Temple to debut annual day of service and dialogue to honor Martin Luther King Jr.


To honor the memory of civil rights leader Rev. Martin Luther King Jr., President Hart announced Temple's first annual universitywide commemorative celebration of King and his legacy.

Events for Temple staff, faculty, students, alumni and neighbors will include community mentoring and service opportunities, film screenings, facilitated discussions about diversity issues and a candlelight memorial service.


"An annual day of community engagement and intellectual exploration honoring Dr. King's legacy is a natural extension of Temple's mission. I can think of no better way to begin the spring semester," said President Ann Weaver Hart, who will speak at the evening memorial service.

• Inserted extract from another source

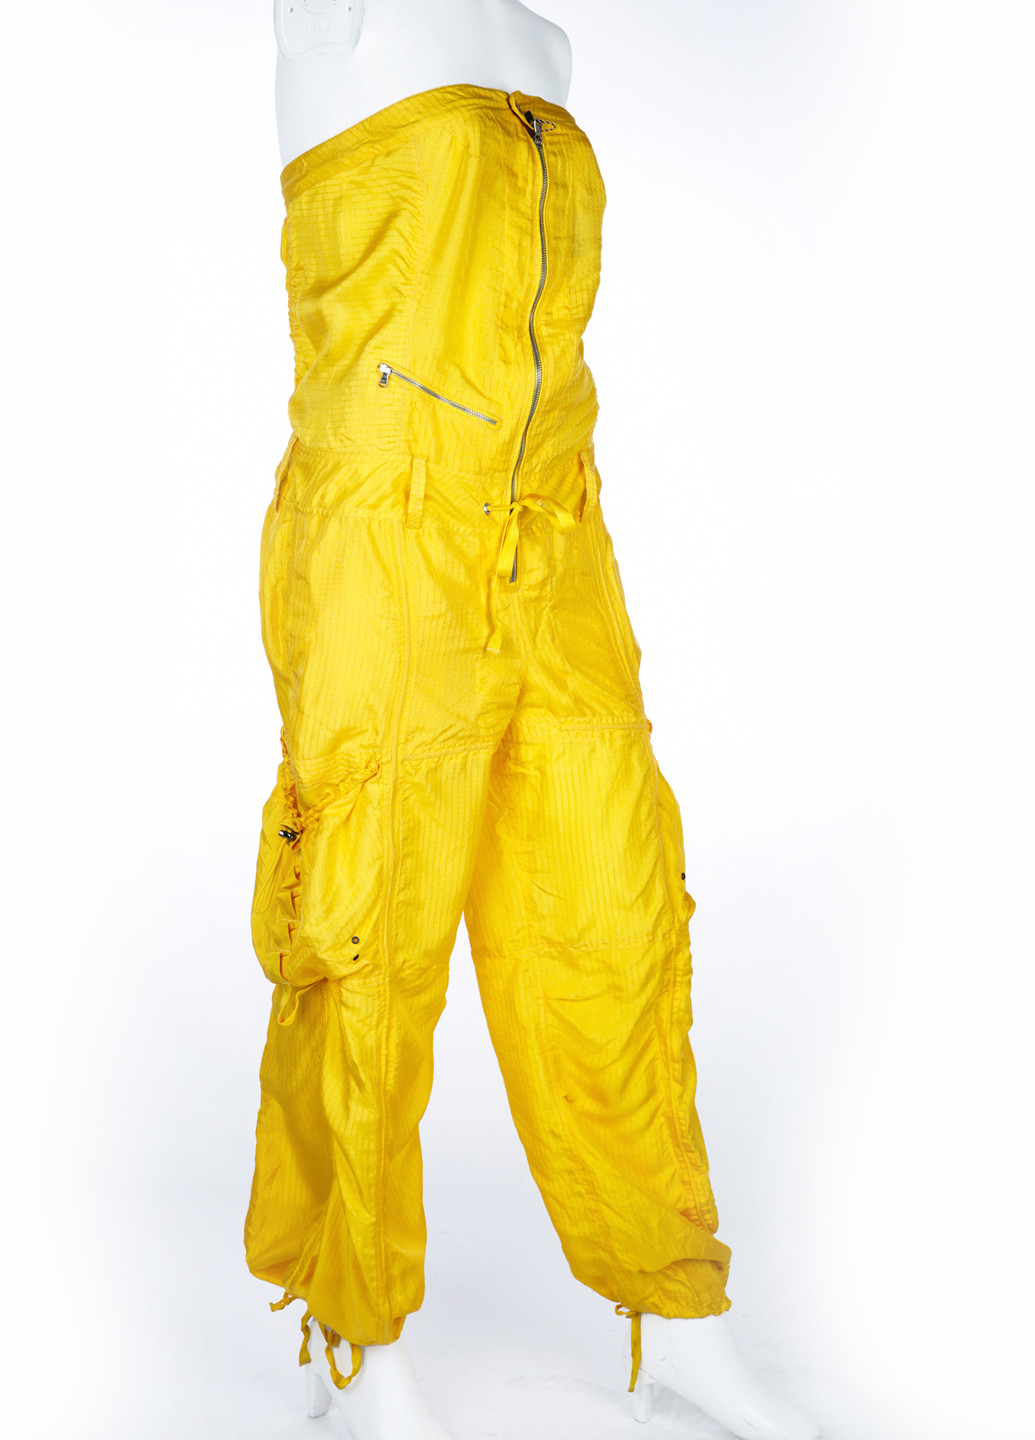 Комбинезон Ralph Lauren комбинезон-брюки однотонный жёлтый кэжуал полиэстер

The celebration will begin with a free screening of the documentary film "Dr. Martin Luther King Jr.: A Historical Perspective" on Saturday, Jan. 19, at 1 p.m. at the Pearl Theater at Avenue North (1600 N. Broad St.). The screening will be open to community residents, Temple employees and students.

Martin Luther King Jr at Temple University
Photo courtesy Temple University Libraries/

Urban Archives
The Rev. Martin Luther King Jr. addresses a gathering at the Baptist Temple in 1965.

On Monday, Jan. 21, the day before classes begin in the spring 2008 semester, a series of events will take place at Temple's Main Campus in Philadelphia.

Activities begin at 11 a.m. in Ritter Hall’s Kiva Auditorium with a brief introduction and a multimedia presentation about King's life. Participants will receive complimentary refreshments and Martin Luther King Day of Service T-shirts.

The presentation will be followed by a screening of an excerpt from the film "Martin Luther King Jr.: 'I Have a Dream.'" After the film, Temple experts in the fields of diversity, inclusion and improvisational theater will lead staff, faculty, students and community members in discussions about topics related to King's legacy as well as some of today's most challenging social issues.

The Kiva Auditorium session will conclude with opportunities for Temple staff, faculty and students to serve as volunteer mentors to local youths participating in the Achieving Independence program, an effort run by Temple's School of Social Administration to assist young people who are aging out of the foster care system.

At 4 p.m., the celebration will move to Temple's Student Center, room 200, where a multimedia candlelight memorial service will be held. President Hart, Temple Trustee Judge Theodore A. McKee, Temple University Black Alumni Alliance President Tim Reese, Temple theater faculty member Charles Dumas and religion and women's studies faculty member Rebecca T. Alpert will share their reflections about King.